Consider $X_0\leftarrow X_1\leftarrow \dots$ be a sequential diagram in a category $C$ and suppose it has a limit. I want to show that if $(n_k)$ is a sequence of increasing natural integers, then the sequential diagram $X_{n_0}\leftarrow X_{n_1}\leftarrow \dots$ also has a limit and the natural morphism lim$_nX_n\to $lim$_kX_{n_k}$ is an isomorphism.
I have two questions, first what does it mean for this diagram to have a limit ? The definition I have which is the most fitting is that if $F:Nat^{op}\to D$ is a functor with a limit, then we call it the inverse limit of the tower $F(0)\leftarrow F(1)\leftarrow \dots$ Here $Nat$ is the category of natural integers, with $Nat(m,n)=\{j_{m,n}\}$ if $m\leq n$ and is empty otherwise. Do I assume that there is such a functor with $F(i)=X_i$ ?
Secondly where does the natural map lim$_nX_n\to $lim$_kX_{n_k}$ come from ? Is it because lim$_nX_n$ will satisfy the universal property of the limit for the second sequential diagram ?
Yes, by writing the tower $X_0\leftarrow X_1 \leftarrow …$ you are actually giving the datum of a functor $\mathsf{Nat}^{op} \rightarrow C$ and a limit of the tower is meant to be a limit of this functor/diagram.

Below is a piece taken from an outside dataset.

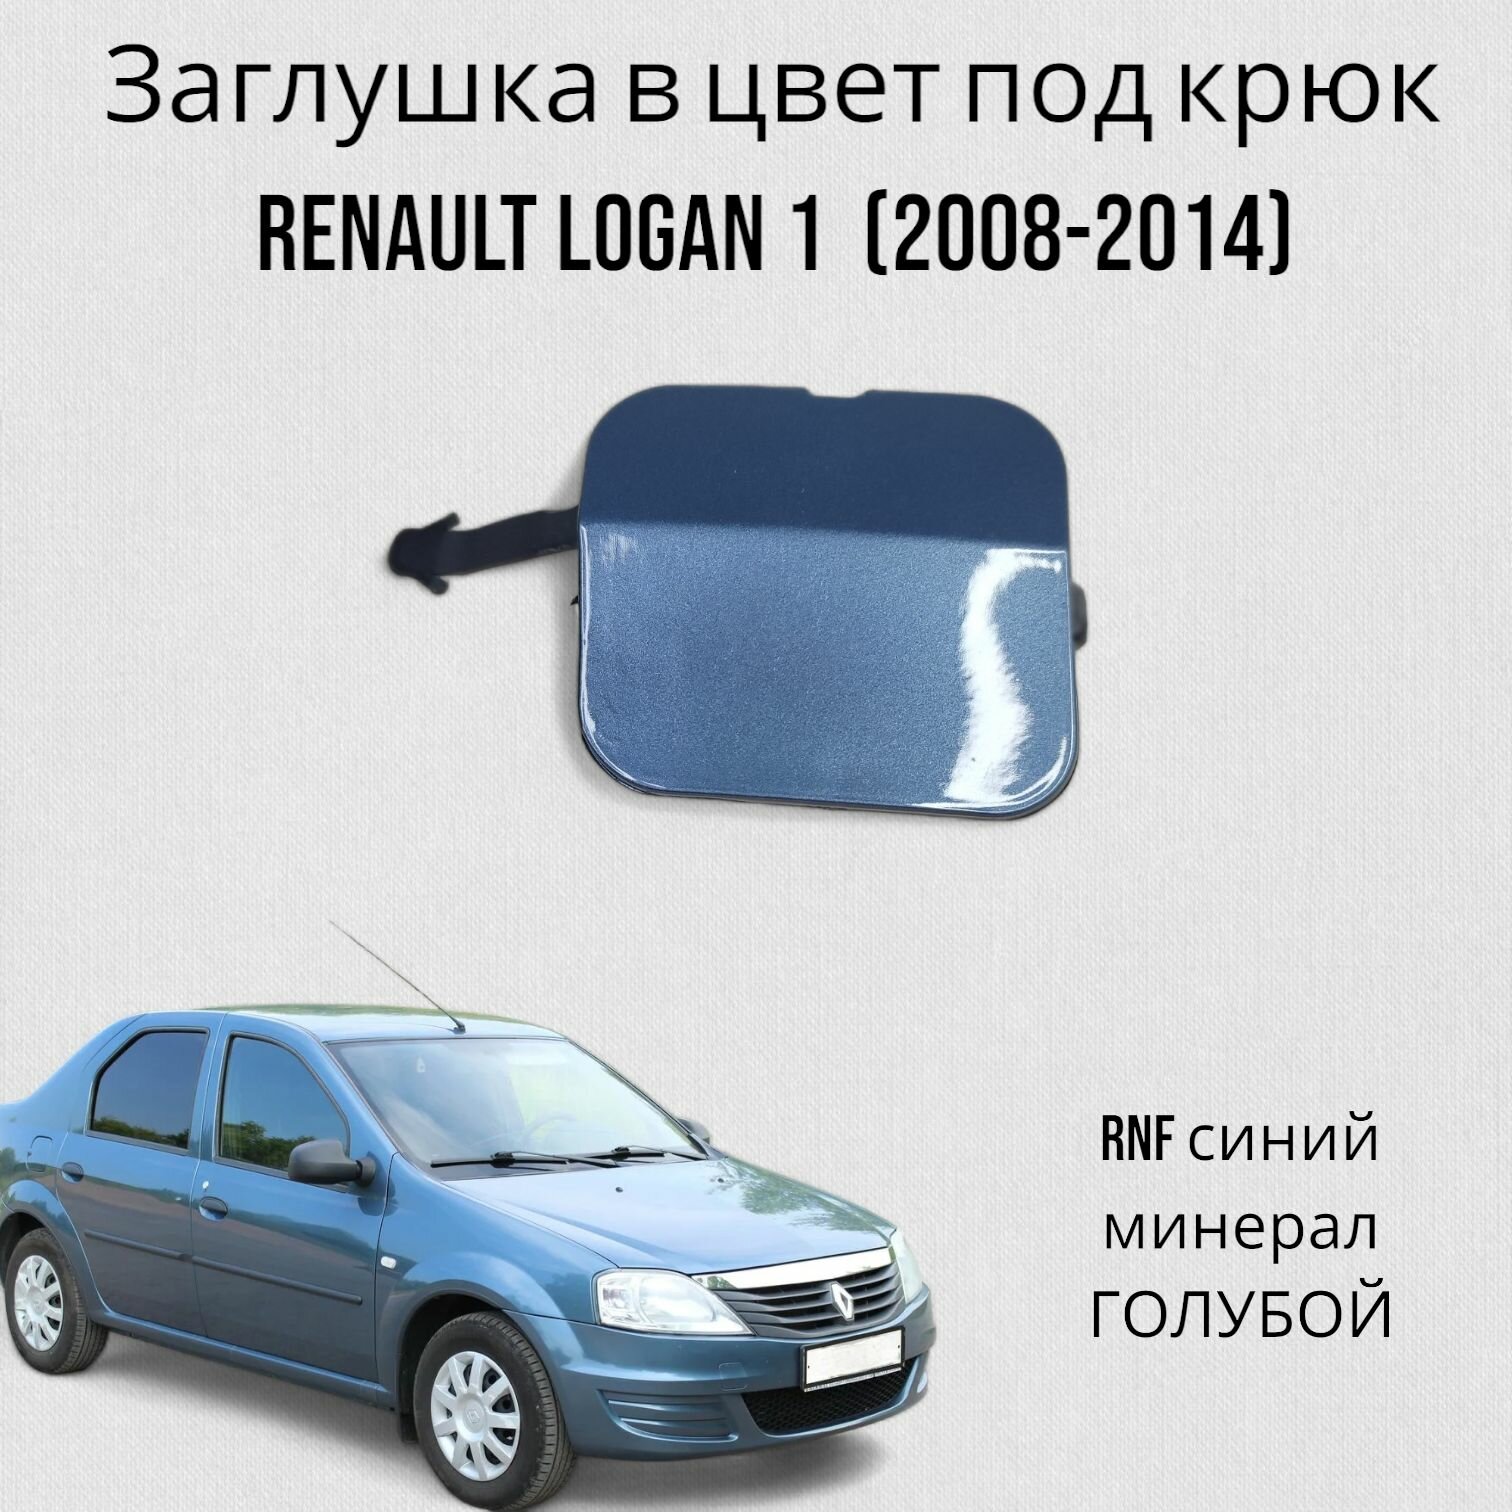 Заглушка в цвет под крюк Renault Logan 1 Рено Логан (2008-2014) RNF синий минерал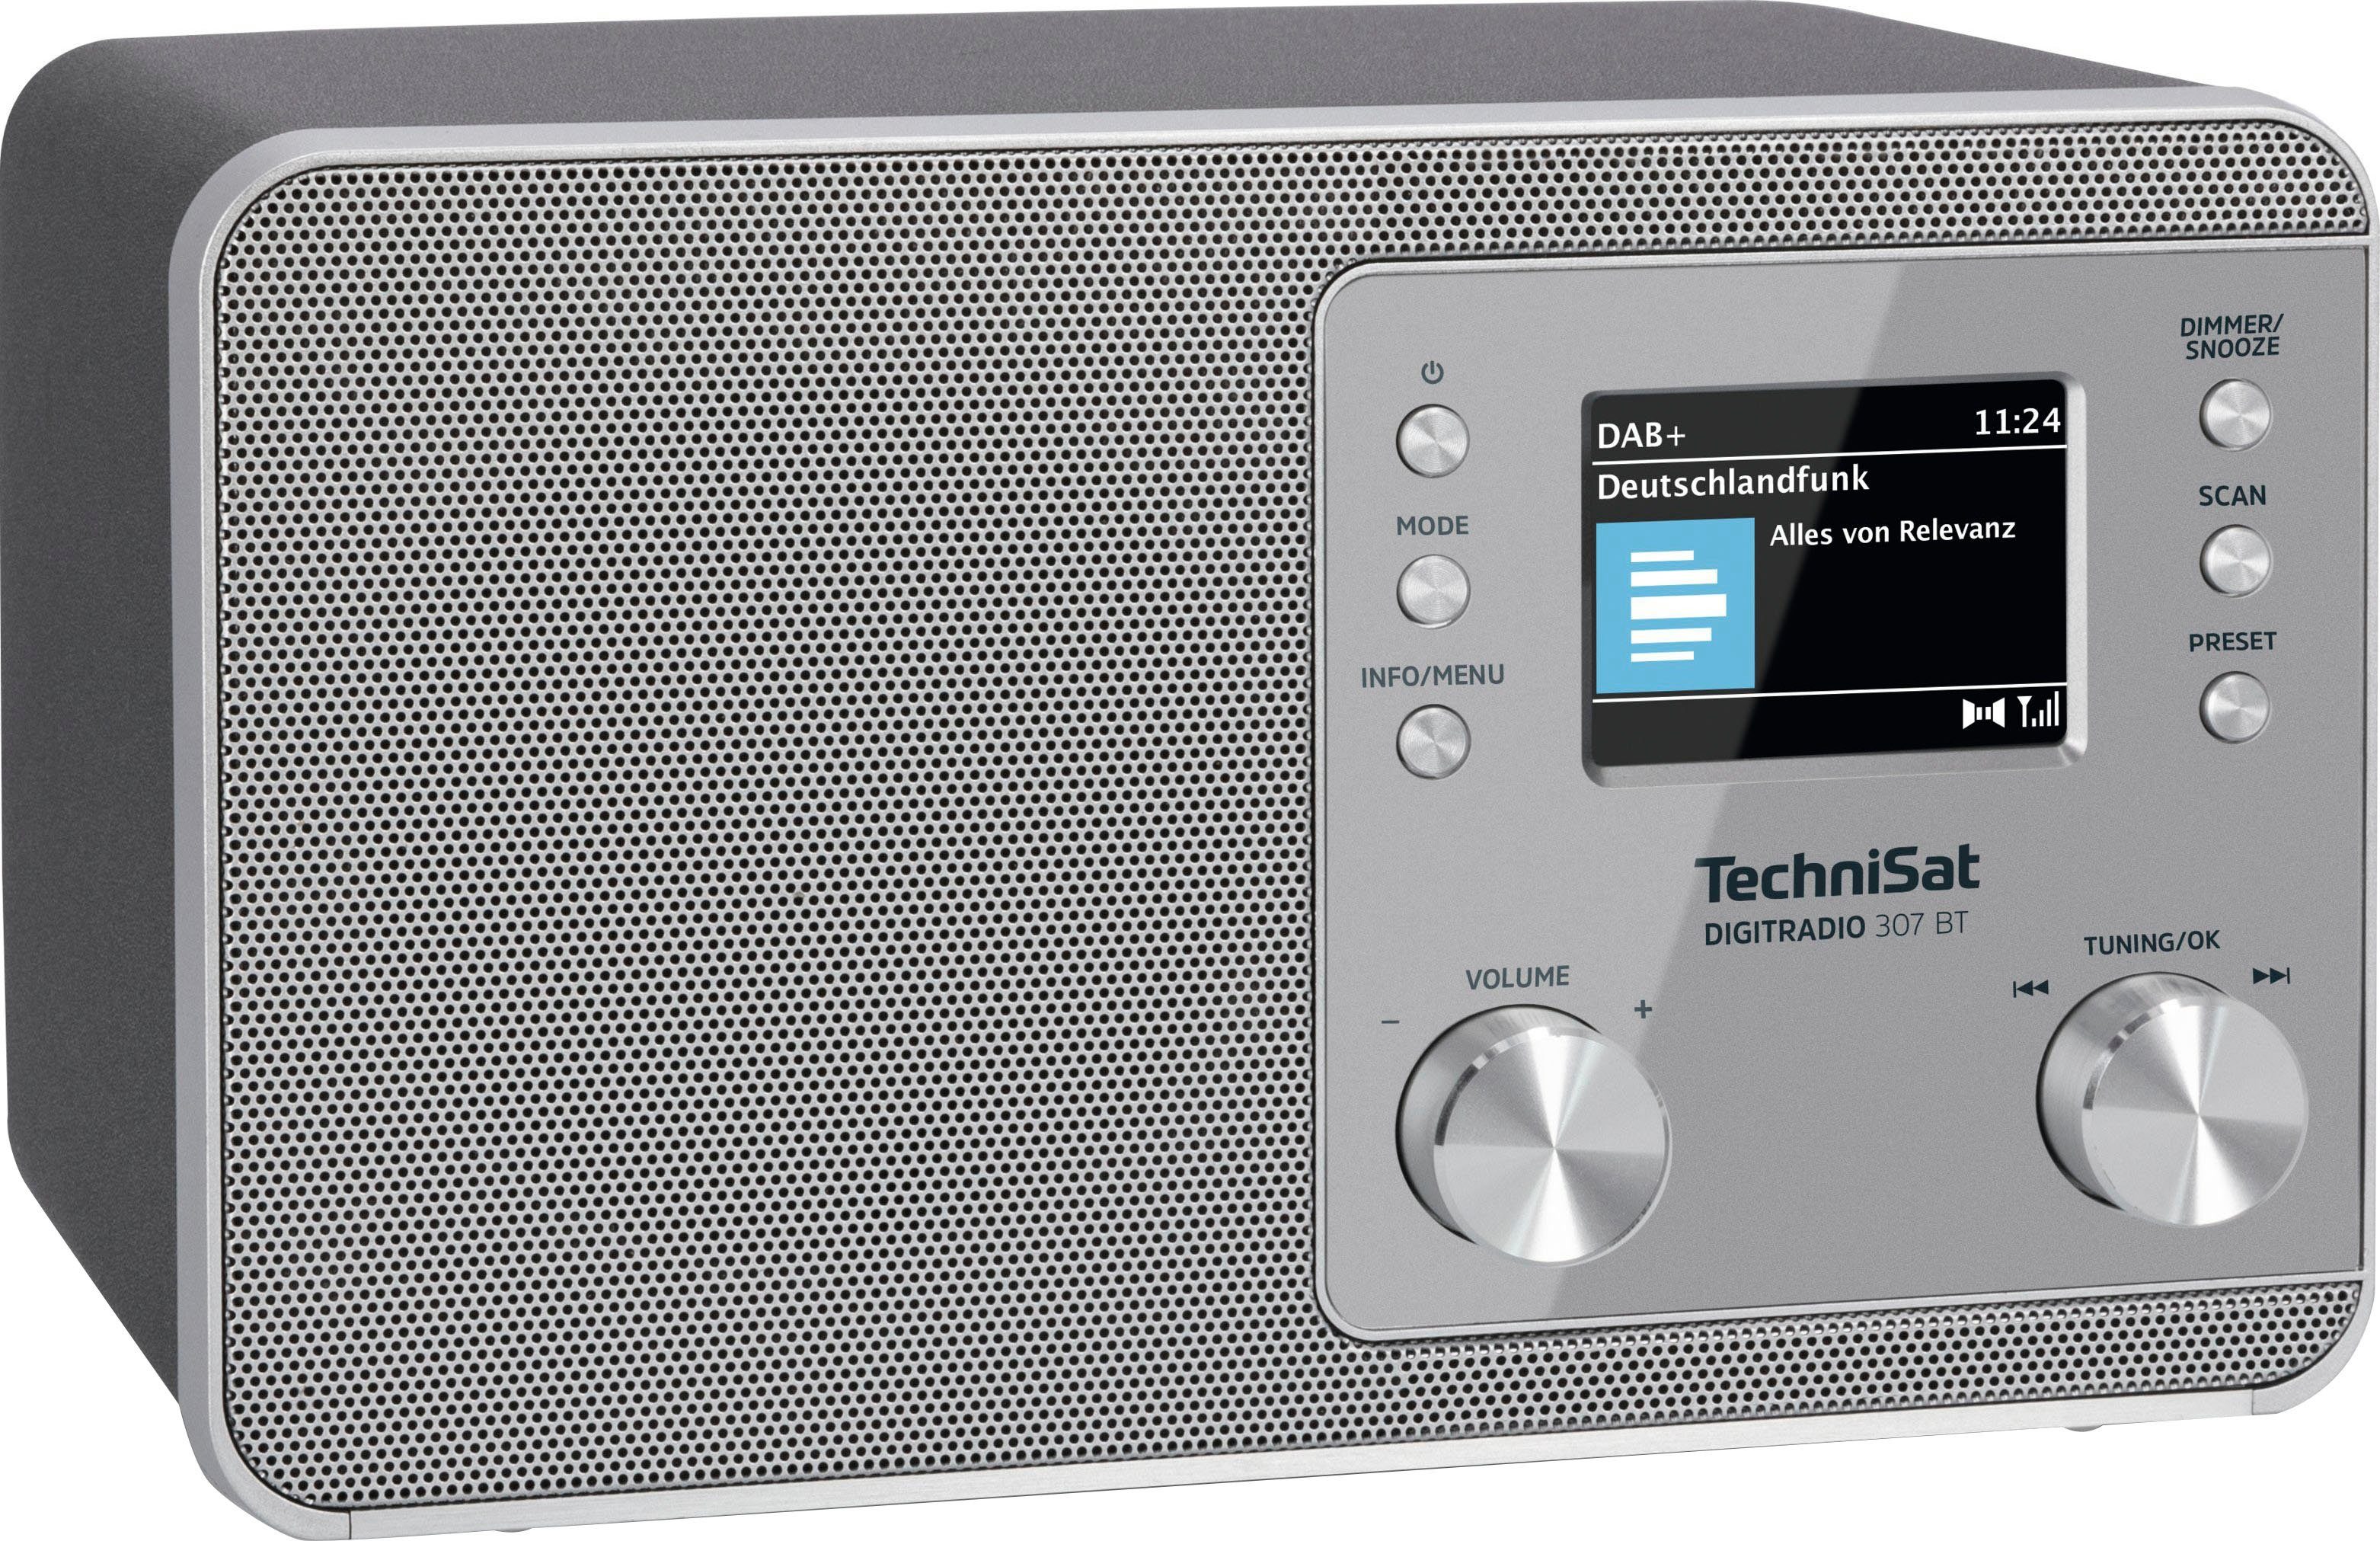 TechniSat DIGITRADIO 307 BT 5 Sleep-Timer, (DAB), Bluetooth, (Digitalradio W), Radio mit Weckfunktion RDS, UKW

The canonical map $\lim_n X_n \rightarrow \lim_k X_{n_k}$ comes from the fact, that any cone over the diagram $(X_n)_n$ automatically also is a cone over the diagram $(X_{n_k})_k$. In particular the limit cone of the $(X_n)_n$ becomes a cone over the $(X_{n_k})_k$ and thus admits an induced arrow to the limit cone over the latter.
To show that this induced morphism is an isomorphism, it suffices to note that any cone over the $(X_{n_k})_k$ can be extended to a cone over the $(X_n)_n$. Indeed, if $C\Rightarrow (X_{n_k})$ is a cone and $m \neq n_k \forall k$, such that the cone leg $C\rightarrow X_m$ is missing, pick some $k$ such that $n_k > m$ and let the missing leg be the composite $C \rightarrow X_{n_k} \rightarrow X_m$, where the first map is the corresponding leg of the existing cone and the second morphism is the transition map of our diagram. This is welldefined (and clearly necessary to be part of a cone over the whole diagram). In fact, restriction and extension now give us an isomorphism of categories of cones over the diagrams $(X_n)_n$ and $(X_{n_k})_k$. In particular this isomorphism preserves terminal objects, ie. the limit cones over the respective diagrams.
Edit: In the second paragraph I assume the limit of the diagram $(X_{n_k})_k$ to exist, to answer the second question. However the argument in the third paragraph works without this assumption. This is to say: The isomorphism of categories of cones shows that the limit of the diagram $(X_n)_n$ exists if and only if the limit of the diagram $(X_{n_k})_k$ exists and that we can compute the limit cones as the restriction / extension of the limit cones.